For a user who does not type annotate to continue their work as normal, with no type checking failures.
For a user who annotates their types to see when they mix up Images and Masks.

Thus far, we have not been able to find a solution to the problem. One suggestion was to use PEP702 (@deprecated), and I’ve also been looking at PEP746—although I do not think it covers our use-case.

I would like to please ask for your “definitive” guidance on the topic. Thank you in advance!

oscarbenjamin · August 16, 2025, 3:36pm

I think NewType is only really useful if you want to disallow the supertype. If they don’t run a type checker they won’t see any errors though.

How bad would it be to just say “use Image if you want to run a type checker”?

Note that:

y = Image(np.array([[1,2,3]]))
t = y[:]
reveal_type(y) # Image
reveal_type(t) # ndarray[tuple[Any, ...], dtype[Any]]

stefanv · August 16, 2025, 3:38pm

We do not want valid code (using NumPy arrays as input, here) to fail type checking, so unfortunately that is not a solution to our problem.

oscarbenjamin · August 16, 2025, 4:05pm

I realise that but the purpose of NewType is to make it a type checker error to pass the “supertype” even though it would be valid to do so at runtime. If you don’t want that behaviour then you don’t really want NewType.

stefanv · August 16, 2025, 4:13pm

Sorry, that annotation was just in aid of the example. Do you have any suggestions of how to achieve our intended outcome?

oscarbenjamin · August 16, 2025, 4:41pm

Would Image and Mask have different dtypes?

Something like:

Image = np.ndarray[tuple[int, int], np.dtype[np.uint8]]
Mask = np.ndarray[tuple[int, int], np.dtype[np.bool_]]

jorenham · August 16, 2025, 4:44pm

Do image and mask arrays have distinguishable dtypes?

edit: I see that @oscarbenjamin just beat me to it haha

stefanv · August 16, 2025, 9:02pm

That’d be a cute hack, but we have a similar situation arising for Images and LabeledImages, which can both be of type int. So, we really do have to answer the fundamental concern here.

(For context, since I see shape information in the above annotations, we do not know the dimensionality upfront.)

xmw · August 16, 2025, 9:35pm

For your snippet, I think PEP 702 (@typing.deprecated) does work (mypy playground)?

...

@overload
@deprecated("Masks are not supported in `process`")
def process(arr: Mask, /) -> None: ...

...

x = NDArray([[1,2,3]])
process(x)  # OK

y = Image(NDArray([[1,2,3]]))
process(y)  # OK

z = Mask(NDArray([[1,2,3]]))
process(z)  # E: overload def (__main__.Mask) of function __main__.process is deprecated: Masks are not supported in `process`  [deprecated]

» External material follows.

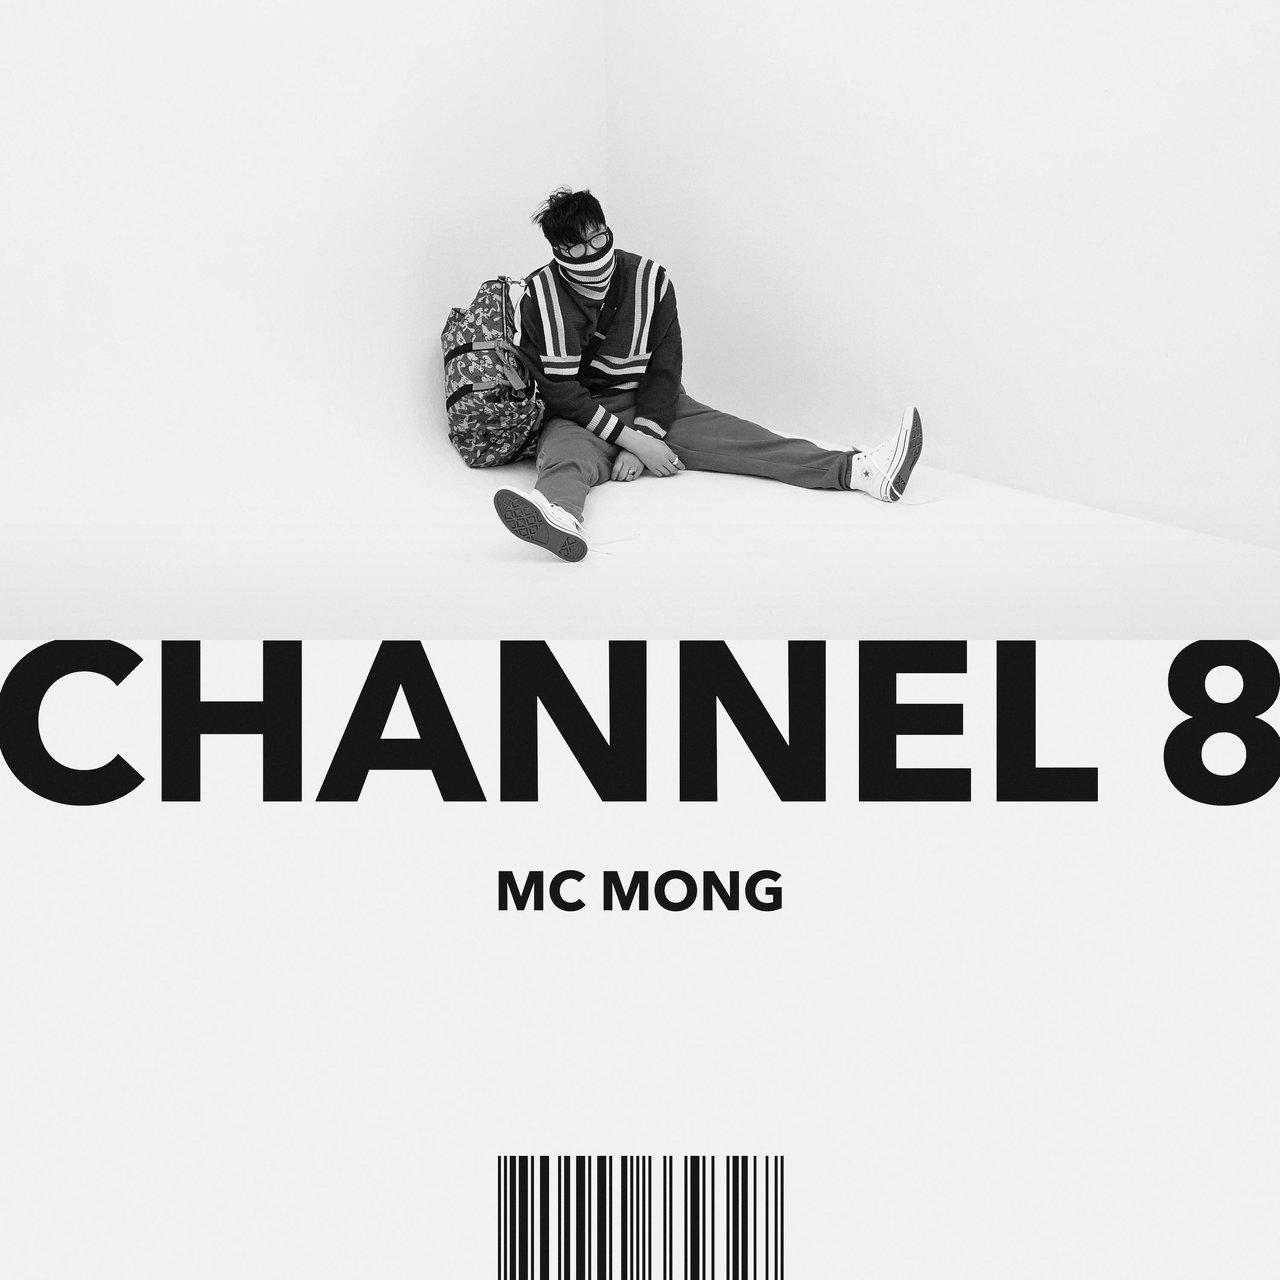 mc mong mc몽br《channel 8》brcd级无损44.1khz16bit

The only inconvenient thing here is forcing end users to use the Mask(...) call for an array they know to be a mask. This is less of a problem if scikit-image has public functions annotated to return instances of Masks and the majority of users of scikit-image do actually use these public functions.

However, for this particular example, I think it’s easier just making mask a keyword-only argument (if only for typing purposes) rather than forcing users to use extra calls like Image(…) and Mask(…). It should be fairly obvious what’s intended here, even if the arrays are not named very intuitively:

def process(arr: NDArray, /, *, mask: NDArray = ...) -> None: ...

...

process(arr1, arr2)  # Type-checker error, too many positional arguments
process(arr2, arr1)  # Type-checker error, too many positional arguments
process(arr1, mask=arr2)  # OK

oscarbenjamin · August 16, 2025, 10:15pm

I don’t think there is a solution to the fundamental concern. If the functions should accept ndarray then having a type checker reject subtypes of ndarray goes against the general grain of how type checkers work.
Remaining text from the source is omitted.